Who knew? Wolves like roads?!? And thus shoo deer away from highways?
So if wolves proliferate, they eat some deer that might otherwise have leapt in front of your Impala (no, bad choice of car), and induce many more to steer clear of roads in general, for a similar effect.
(The authors point out that this effect provides policymakers with a mechanism for reducing DVCs without necessarily incentivizing hunters to shoot more deer. Maybe the “wolf patrol” is a more humane option than the “hunt and cull.”)
If I have a point here, beyond probably boring you and possibly entertaining you, it is that the integration of the automotive ecosystem into the broader biosphere is broader and deeper than most of us can ever know. Yes, we know about pollution and resource consumption and much more - but then, just when you think you’ve traced back all the impacts, there’s another. I have a few more to share with you in the coming months, so stay tuned if you like this kind of stuff.

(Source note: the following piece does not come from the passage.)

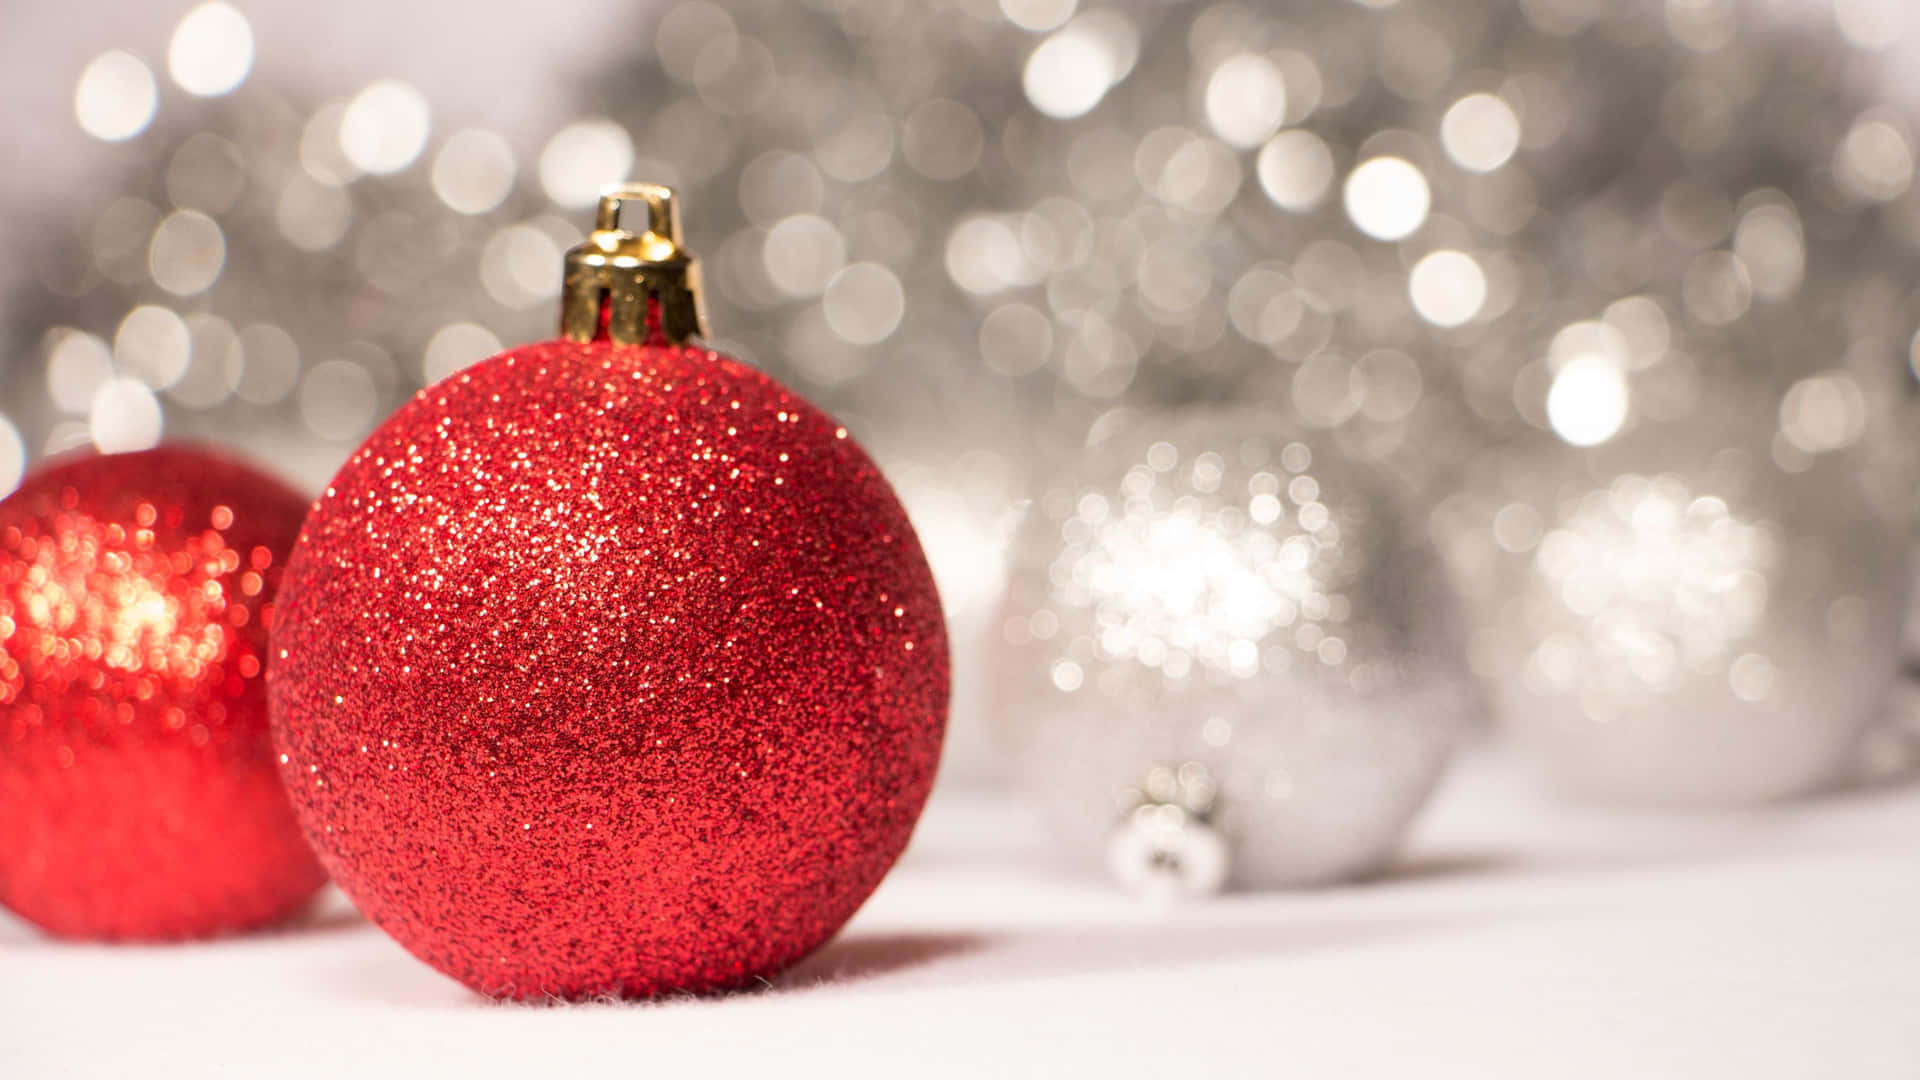 Christmas Ornaments On A White Background With Silver And Red Lights Wallpaper
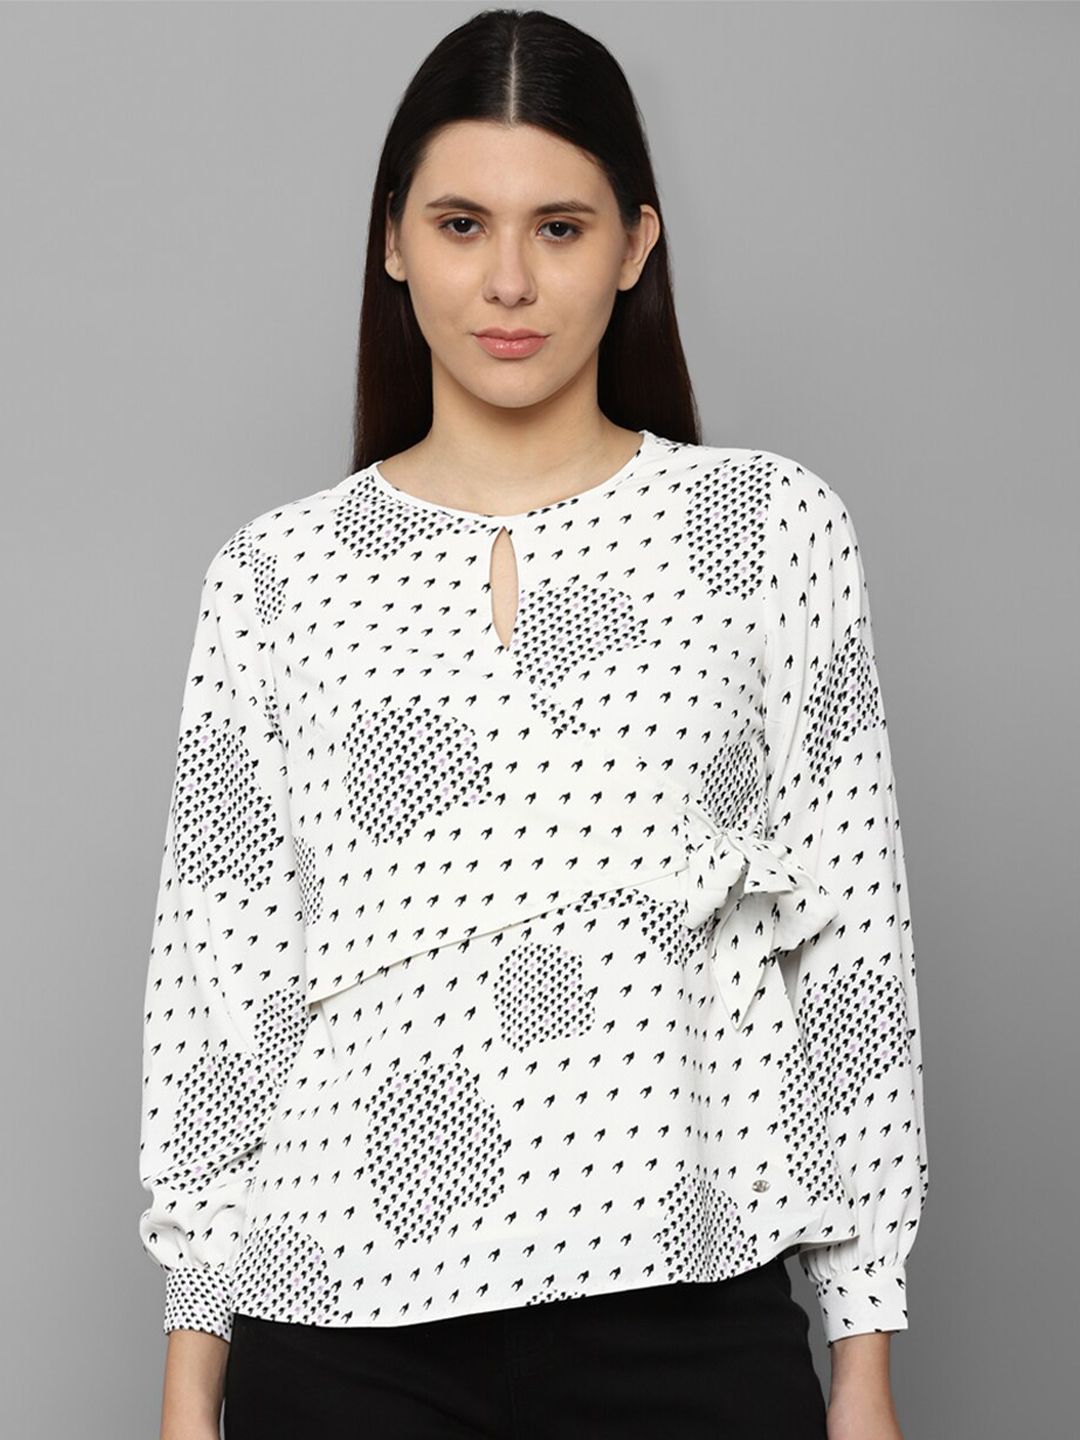 Allen Solly Woman White & Black Print Keyhole Neck Top Price in India

PS / update: One reader wrote in and asked if as the result of the wolf population growth there had been some offsetting effect - that is, an increase in vehicle/wolf strikes. As far as I can tell, no. For one thing, government statistics show that about 95% of DVCs are deer, moose, elk, etc. All the rest (excluding just running over something very small), which presumably include wolves, sum to only 5%. I suppose there is a reason we don’t have an idiom in American English along the lines of “Like a wolf in the headlights.” Deer, as I understand it, have poor visual depth perception, and so, especially when temporarily blinded by headlights, have trouble judging the distance and speed of cars, often freezing in (fatal) indecision.
Hang in there, we’ll get to cars!
It’s not every automotive blog that provides teaching moments like this!
In theory I guess they should have looked at the third link in the chain, and studied how many humans starved to death when deprived of venison scraped off the highway. Recall the old Roadkill Cafe joke: “From your grill to ours!” (Possibly apocryphal.) “You know it’s good, it’s straight from the hood!” Okay, I’ll stop now.
Their words, not mine! But way cool, I think.